Analysis of Hydrologic and Geochemical Time Series Data at James Cave, Virginia: Implications for Epikarst Influence on Recharge
Karst aquifers are productive groundwater systems around the world, supplying approximately 25% of the world's drinking water. However, they are highly vulnerable to contamination due to rapid groundwater transit in the transmission zone (KWI 2006). The epikarst, also known as the subcutaneous zone, is an interface between the soil overburden and the transmission zone. The epikarst is considered a critical zone as it can control hydrologic and geochemical characteristics of recharge to the underlying karst aquifer. The overall goal of this thesis is to utilize time series hydrologic and geochemical data collected at James Cave, Virginia, to examine the influence of epikarst on the quantity, quality, and rates of recharge to aquifers in Appalachian karst.
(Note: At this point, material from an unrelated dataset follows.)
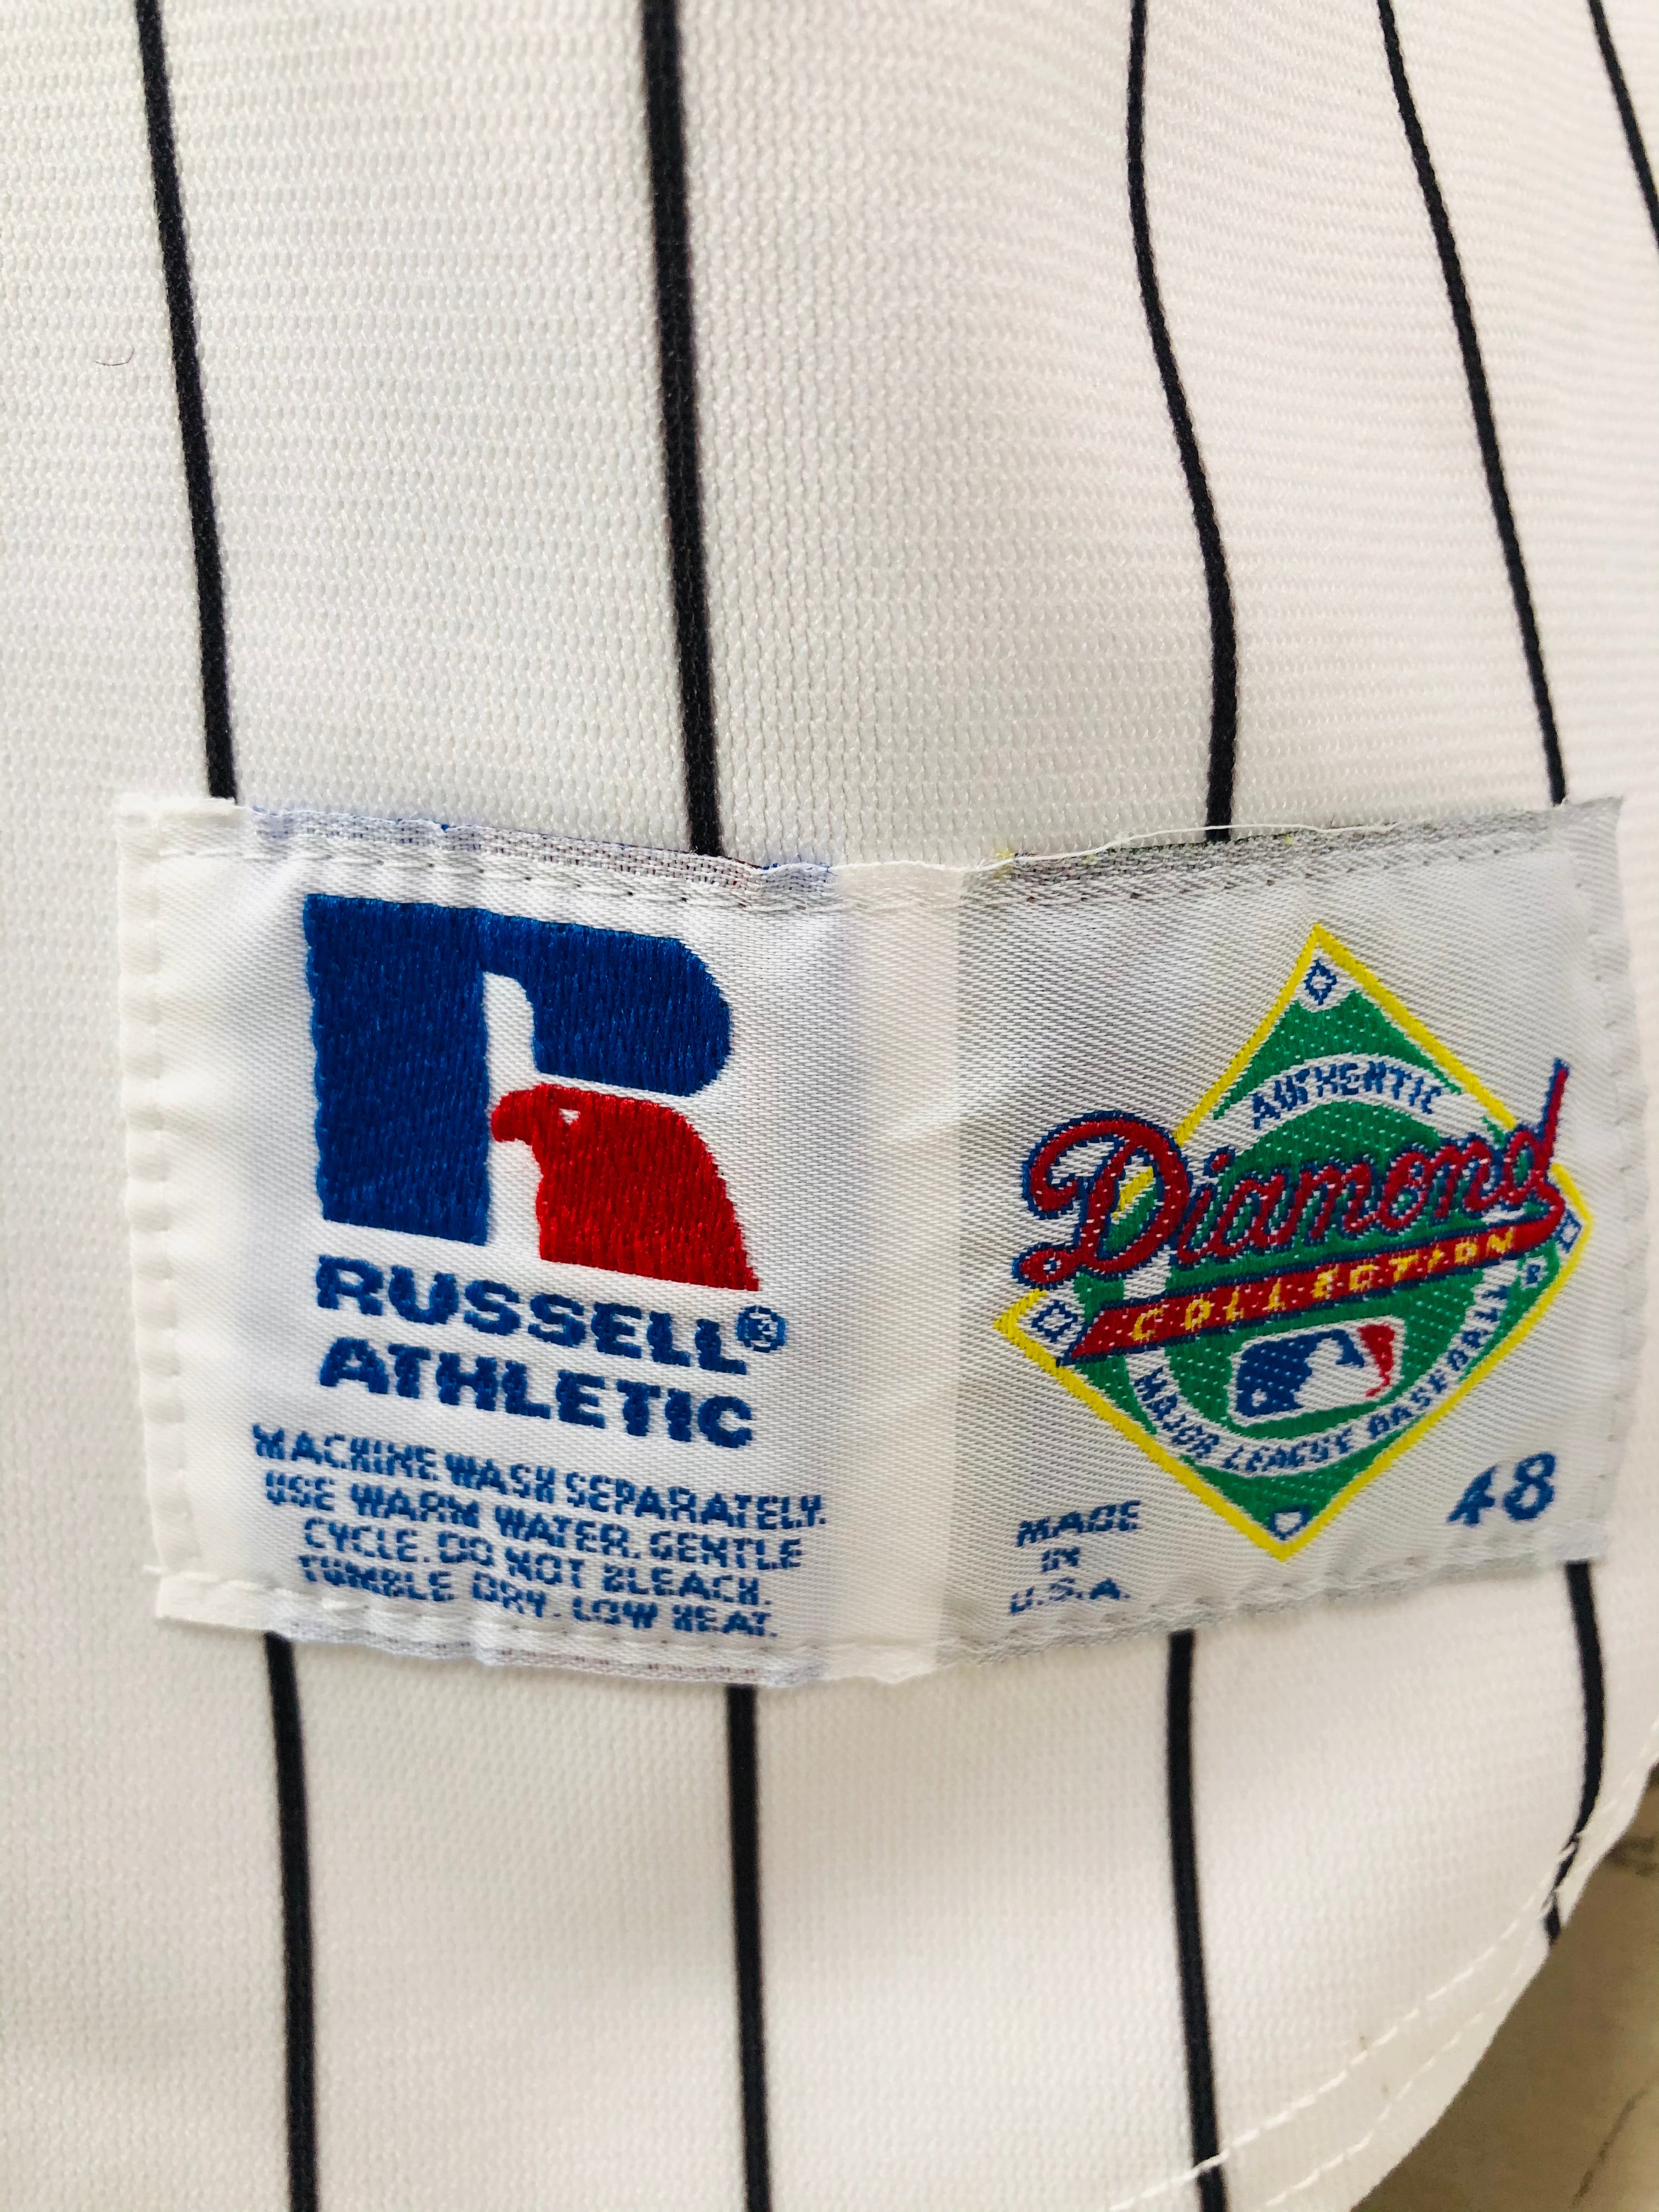 New York Yankees 1998 World Series Russell Athletic Jersey Size 44 Away  Jersey
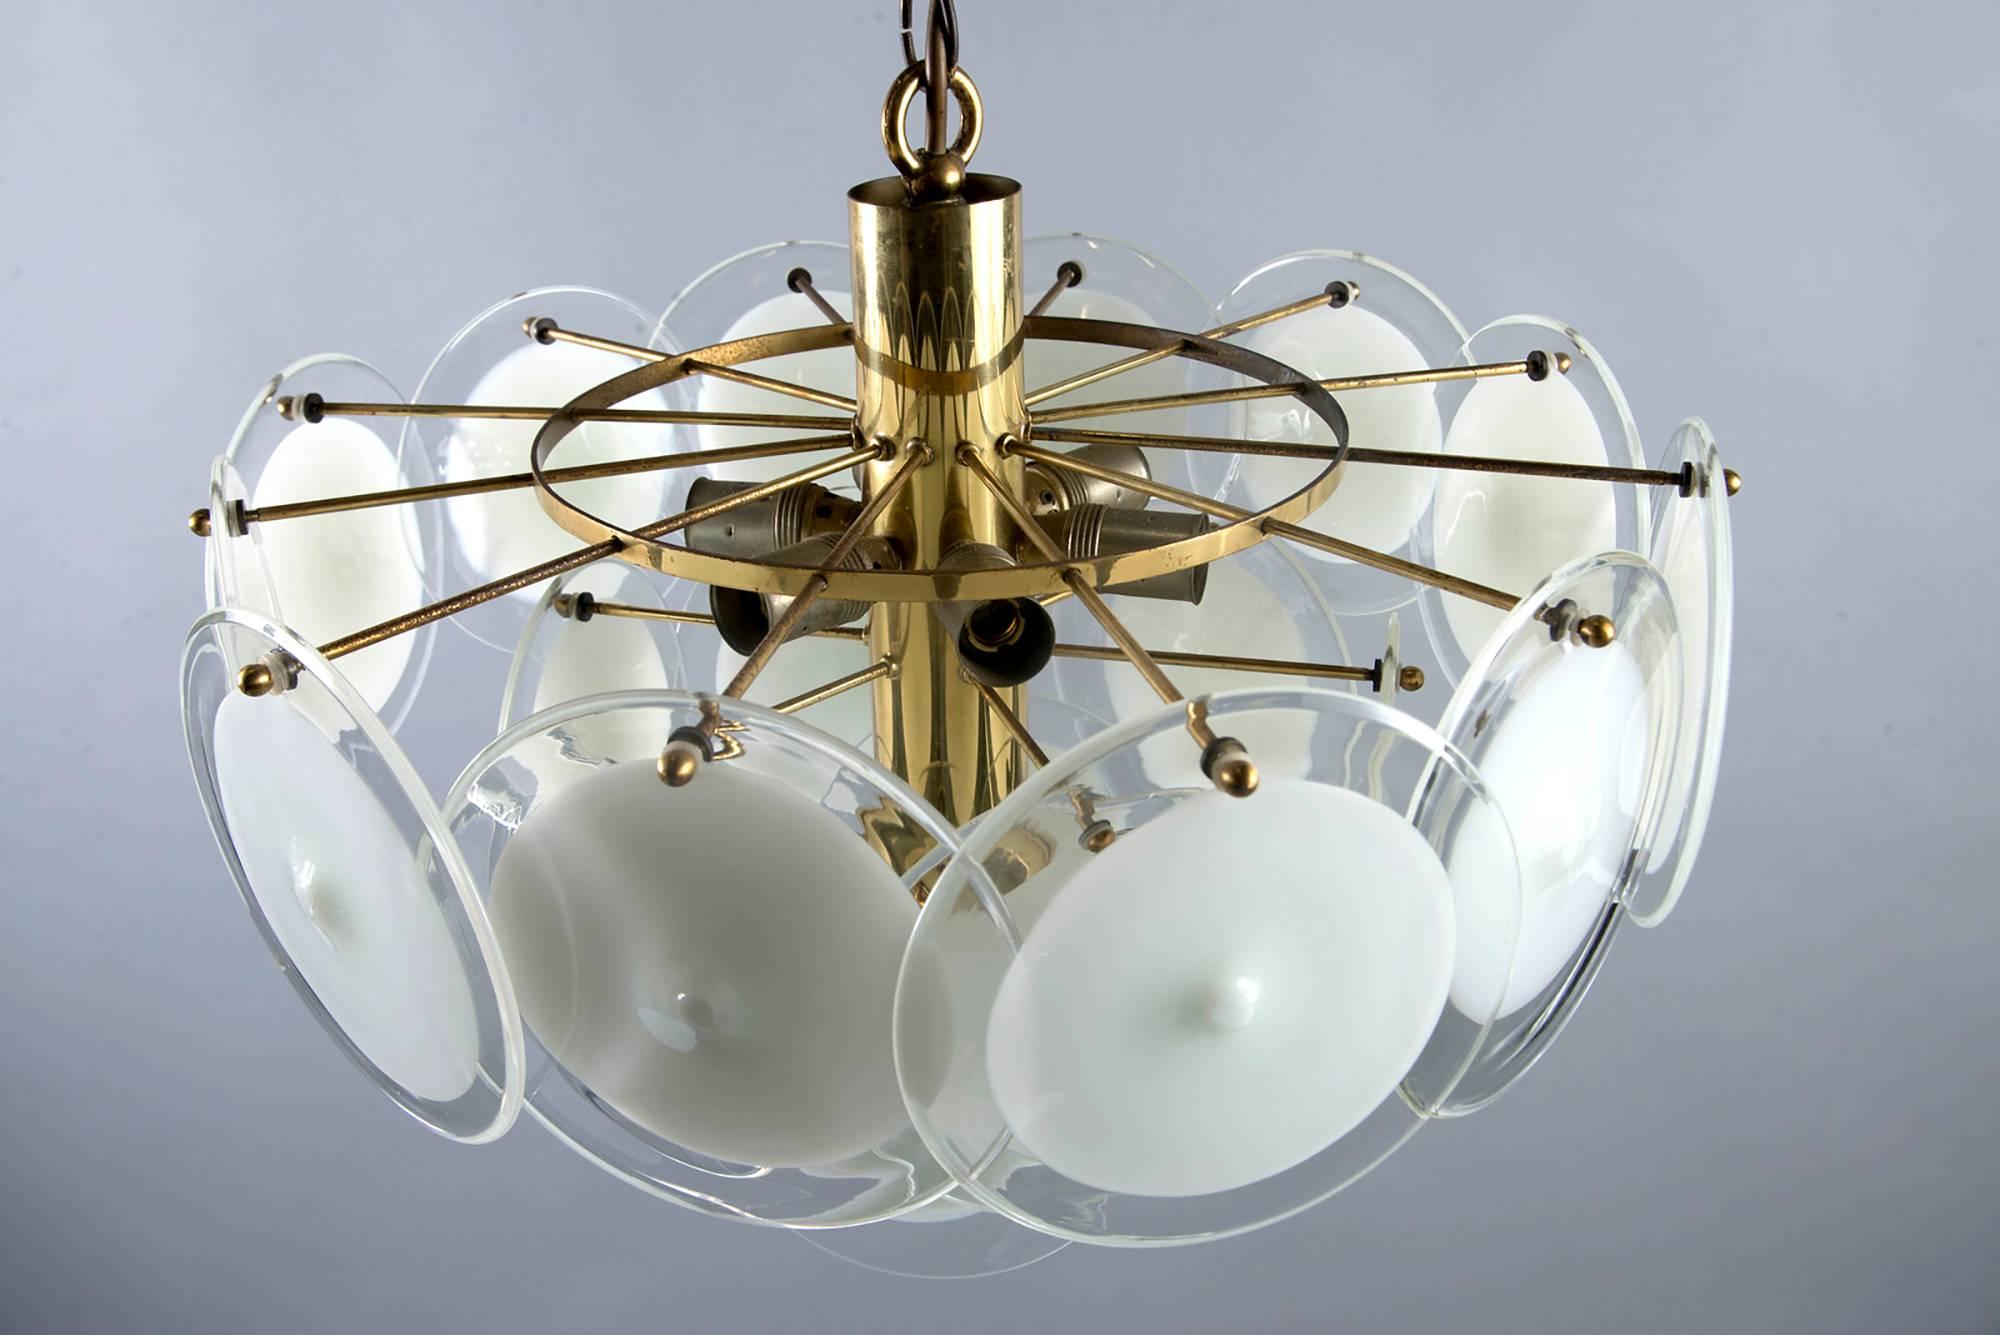 Murano glass chandelier manufactured by Vistosi features a brass-plated metal base with three tiers of suspended glass disks, circa 1960s. Round glass elements are opaque white at the center with clear edges. Chandelier has been rewired for US

Results of this study indicate a strong seasonality of both the hydrology and geochemistry of recharge. The conceptual model of the epikarst developed in this study identifies three hydrologic seasons: recharge, recession, and baseflow. Seasonality of recharge geochemistry coincides with these three hydrologic seasons. These results have implications for management of karst aquifers. First, recharge to Appalachian karst aquifers is seasonal, reaching a maximum during the winter-early spring; the onset of recharge depends on antecedent climatic conditions. Second, water that infiltrates into the epikarst will have seasonally variable residence times due to changes in hydrologic storage; these variations in attenuation affect geochemical reactions in the epikarst, which can influence recharge quality. Overall, these results point to the complex influence of epikarst on karst recharge, which necessitates collection of long-term and high resolution datasets.